In a trading update covering the six-months ended 31st March 2018, Sanderson Group announced revenue and operating profit figures that are ahead of management expectations, driven by good progress from both its digital retail and enterprise divisions. The software and IT services company added that it has a good level of confidence that it will make significant progress during the current financial year, which ends on 30th September 2018. Interim results will be released on 23rd May 2018. Accordingly, we maintain our forecasts for FY18 and FY19, and continue to classify the shares as a hybrid growth and income stock, with the shares offering investors exposure to the high-growth Enterprise Resource Planning software market as well as a decent prospective dividend yield of 3.4%.
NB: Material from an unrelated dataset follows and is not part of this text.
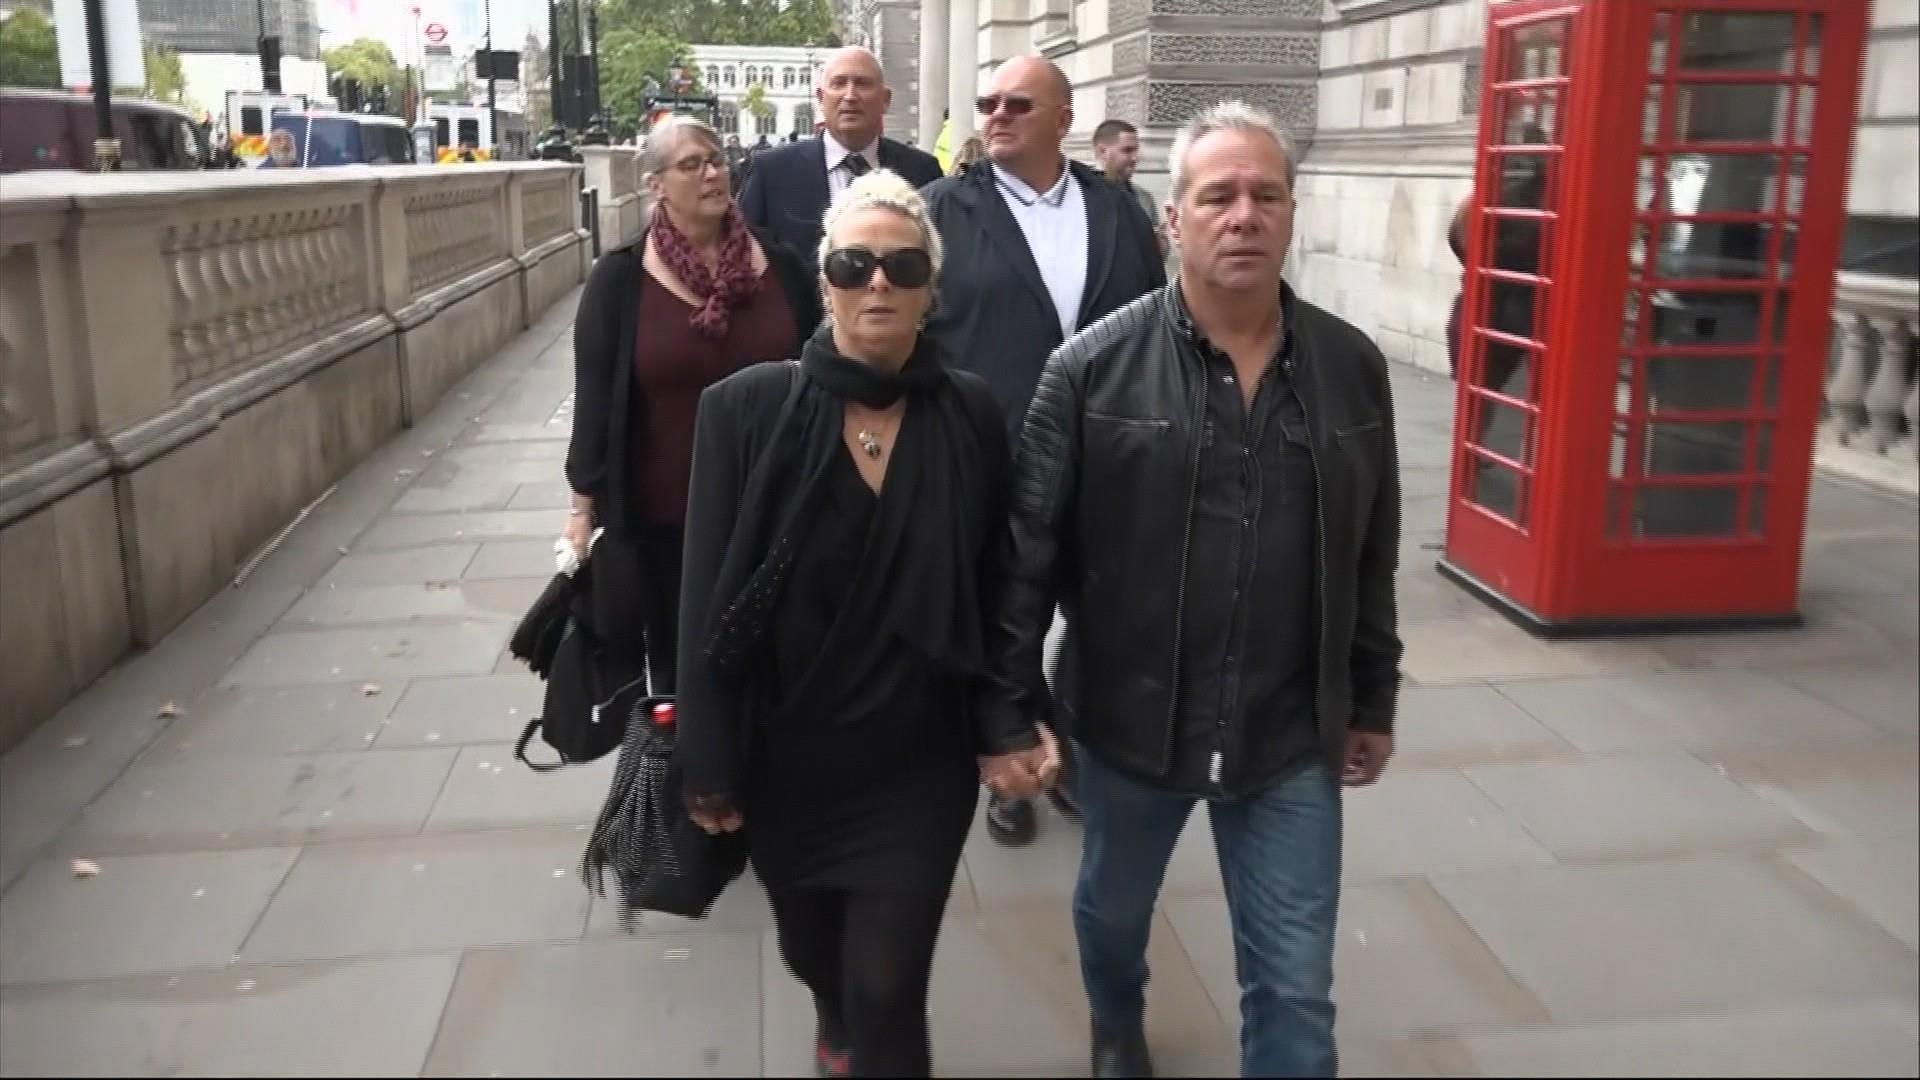 U.S. diplomat's wife involved in fatal U.K. crash apologizes to victim's family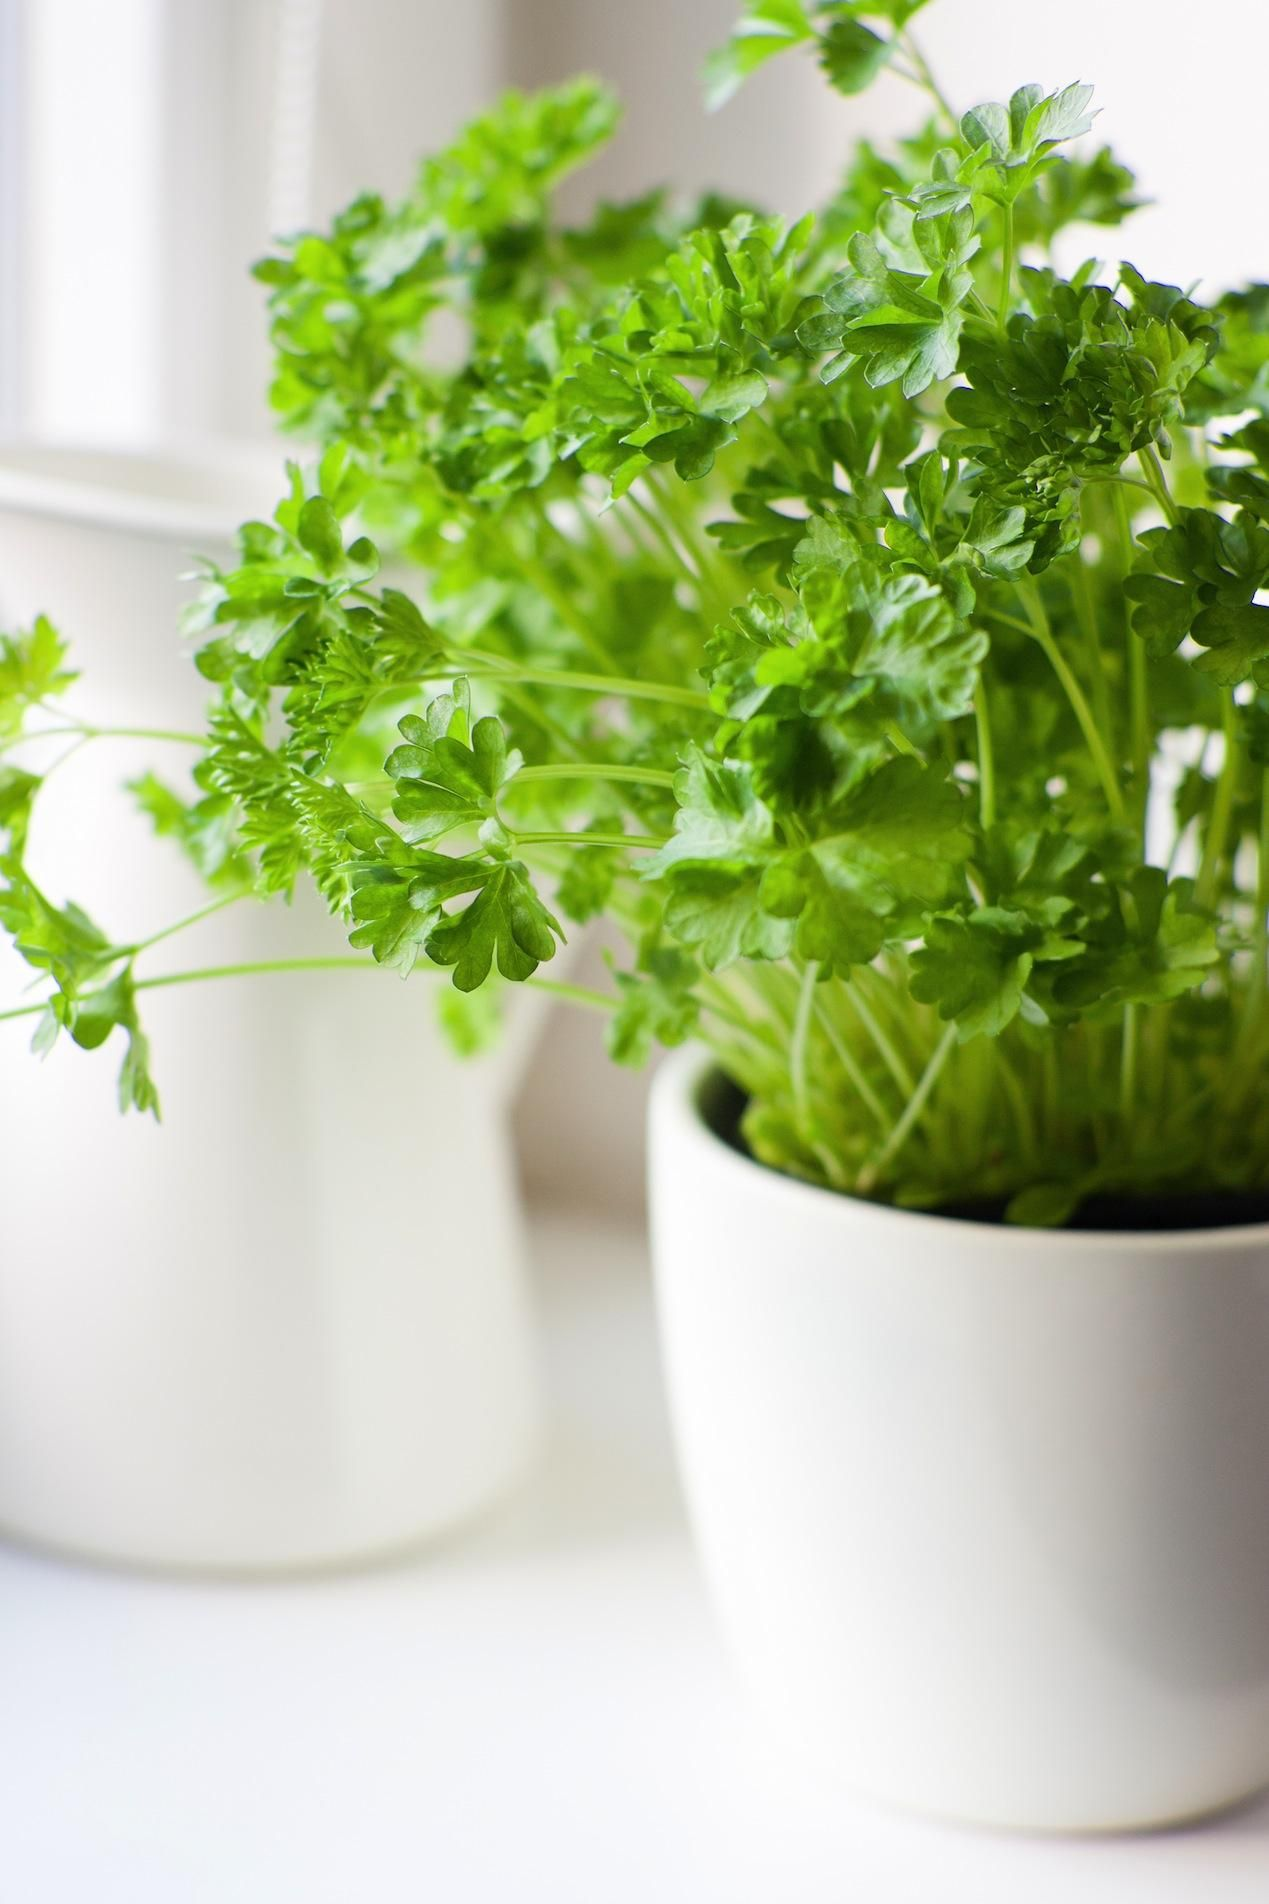 The 9 Easiest Herbs To Grow Indoors Growing Herbs 400 x 300

Revenue increased by 33% to £14.5m (H1 2017: £10.9 million) and adjusted operating profit (stated before the amortisation of acquisition-related intangibles, share-based payment charges, acquisition-related and restructuring costs) increased by 29% to in excess of £2 million (H1 217: £1.55 million). On a like-for-like basis, excluding the acquisition of Anisa, revenues increased by over 1% to more than £11 million (H1 2017: £10.9 million) and operating profit increased by over 10% to more than £1.7 million (H1 2017: £1.55 million). Gross margins were maintained at 80%. Pre-contracted recurring revenues increased to in excess of £8 million. On a like-for-like basis, excluding Anisa, pre-contracted recurring revenues increased to £5.9 million (H1 2017: £5.40 million). Sanderson said that the sales order intake continues to be good, and, as at March 2017, the value of the group order book, measured on a like-for-like basis, was more than 15% ahead on the comparable period a year earlier. The total order book is now valued at above £8 million. Sanderson continues to generate cash in-line with operating profit, and following the acquisition of Anisa, net cash as at period end stood at £1.3 million (31st March 2017: £4.5 million). Sanderson added that Anisa, which was acquired on 23rd November 2017, has made a good start as part of the group.
For FY18, we continue to forecast adjusted EBITDA of £6.1m on revenue of £30.4m. We maintain our DPS forecast of 2.9p. For FY19, we forecast adjusted EBITDA of £6.6m on revenue of £33.2m. We anticipate DPS of 3.20p. A key risk to our forecasts includes a deterioration in the economic environment.
The shares trade at a 79% discount to its peers on an EV/EBITDA basis (3.8x vs 17.7x), according to Bloomberg.